I carried out research and development at Microsoft to answer the following research questions:
\begin{enumerate}[label=RQ\arabic*]
\item How can a real-time event log from multiple sources and multiple concurrent workflows be dynamically transformed into a model that describes the process?
\item How can the model and past log data be used to predict future events and their times?
\item How can the predictions be used to detect anomalies in new events (or lack thereof)?
\end{enumerate}
For the first question (RQ1), the goal was to have an unsupervised monitoring system
that uses the current and past logs to automatically determine all the actors,
workflows, and steps related to the product submissions.
The store pipeline is constantly being developed further to be faster and to include more functionality.
The system should require as little maintenance as possible, instead retraining itself automatically and often to adapt to change.
In addition, the project should include as little hardcoded configuration as possible.

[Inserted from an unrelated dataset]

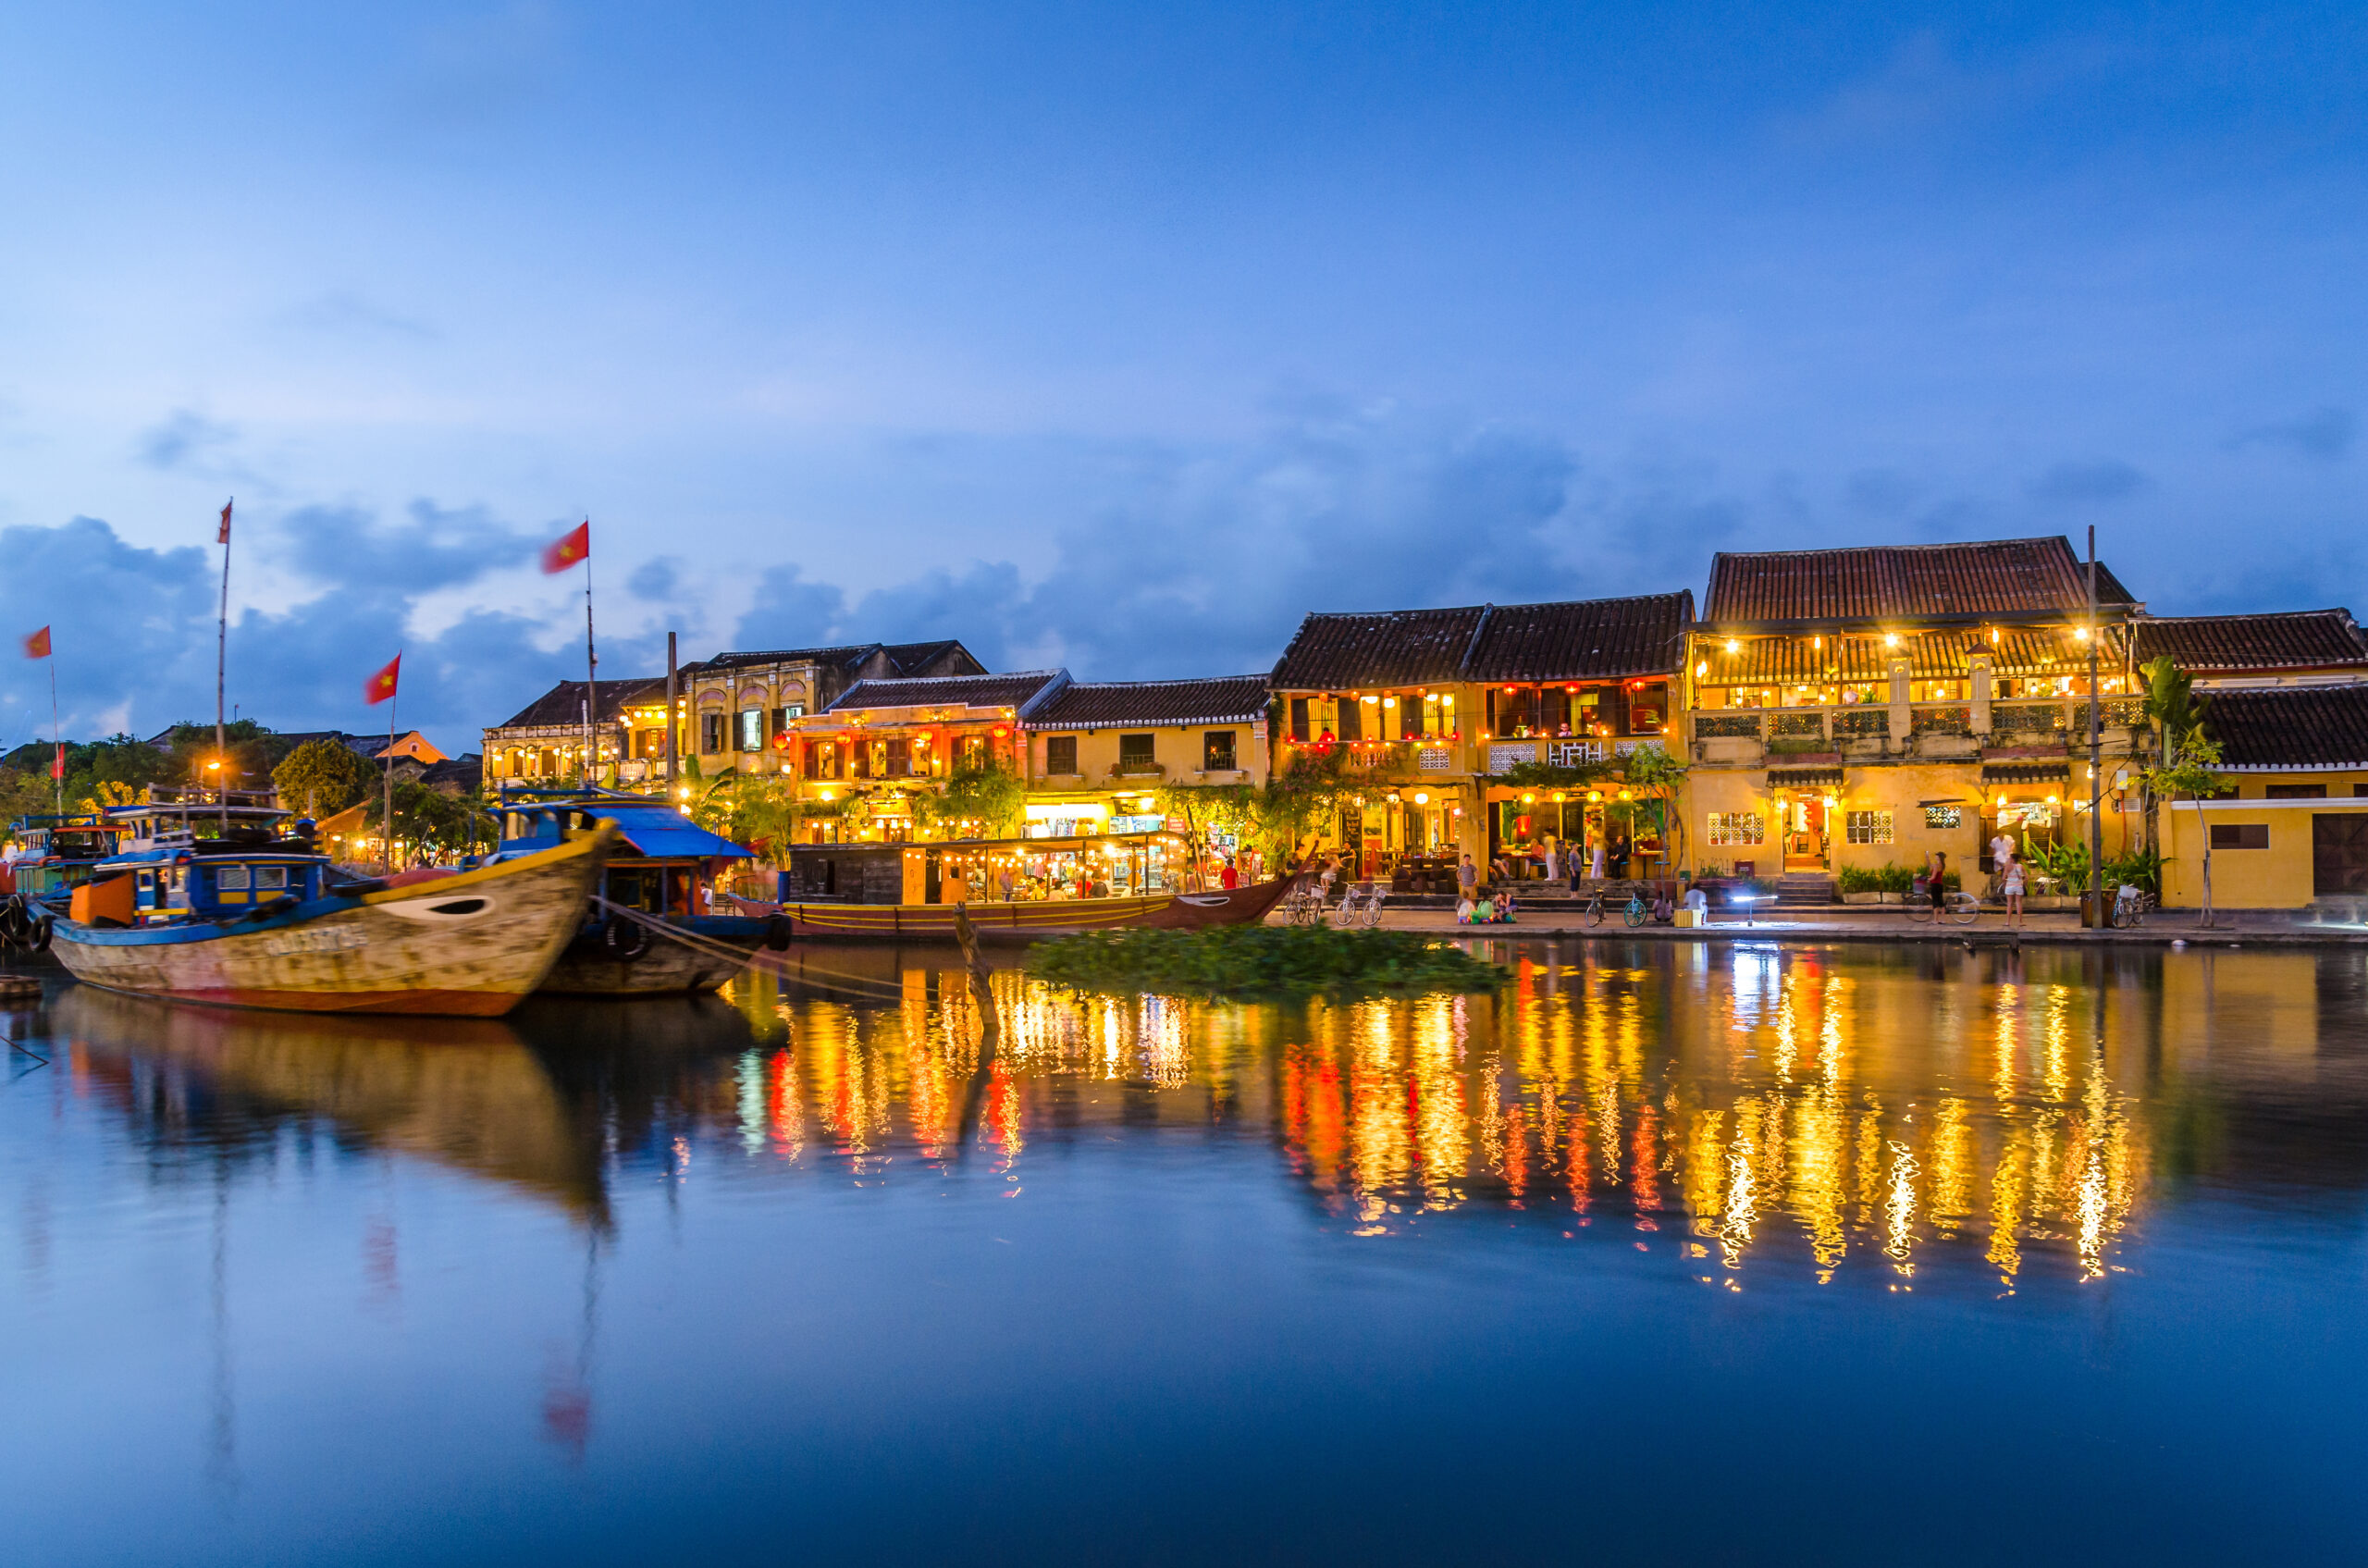 shutterstock 363946115 hoi an during sunset vietnam town ancient hoian night river indochina old amazing asia buildings channel dawn herit

The second goal for the project was the capability to estimate future events within the system (RQ2).
Many stakeholders are interested in the pipeline completion times, so they can schedule their tasks accordingly.
Comparisons between the estimations and the realized event times should be used to notify people about any anomalies, faults, or delays in the pipeline that are relevant to them (RQ3).
A further goal for the project developed in this thesis was that it should not be tightly coupled to the
specific submission workflows in the store. The solution should not depend on the specific activities so
it requires less maintenance and can be reused in other systems.
\subsection{Structure of the Thesis}
% d. Structure of thesis
This thesis is divided into six sections. In the first section I have introduced the motivation for this research first by looking at the industry as a whole and then from Microsoft's standpoint.
I have also laid out the research questions I will answer in this thesis.
Section 2 describes the background knowledge required to understand the methods used in this thesis.
I introduce process mining and the theory behind it. I will also briefly introduce the concept of machine learning.
Section 3 describes the problem being solved in this thesis. I will introduce the context and the needed understanding about the store system relevant to this thesis.
I will also describe the requirements engineering work I did to find the requirements for the project.
In section 4, I describe the project starting point and its timeline.
I will describe all the materials and the data used for the project.
Section 5 outlines the methods used to solve the research questions.
In the section I describe how I applied the theory in the project.
I also describe the user interface created during the project.
In section 6, I describe the results of the whole thesis project and finally evaluate them in section 7.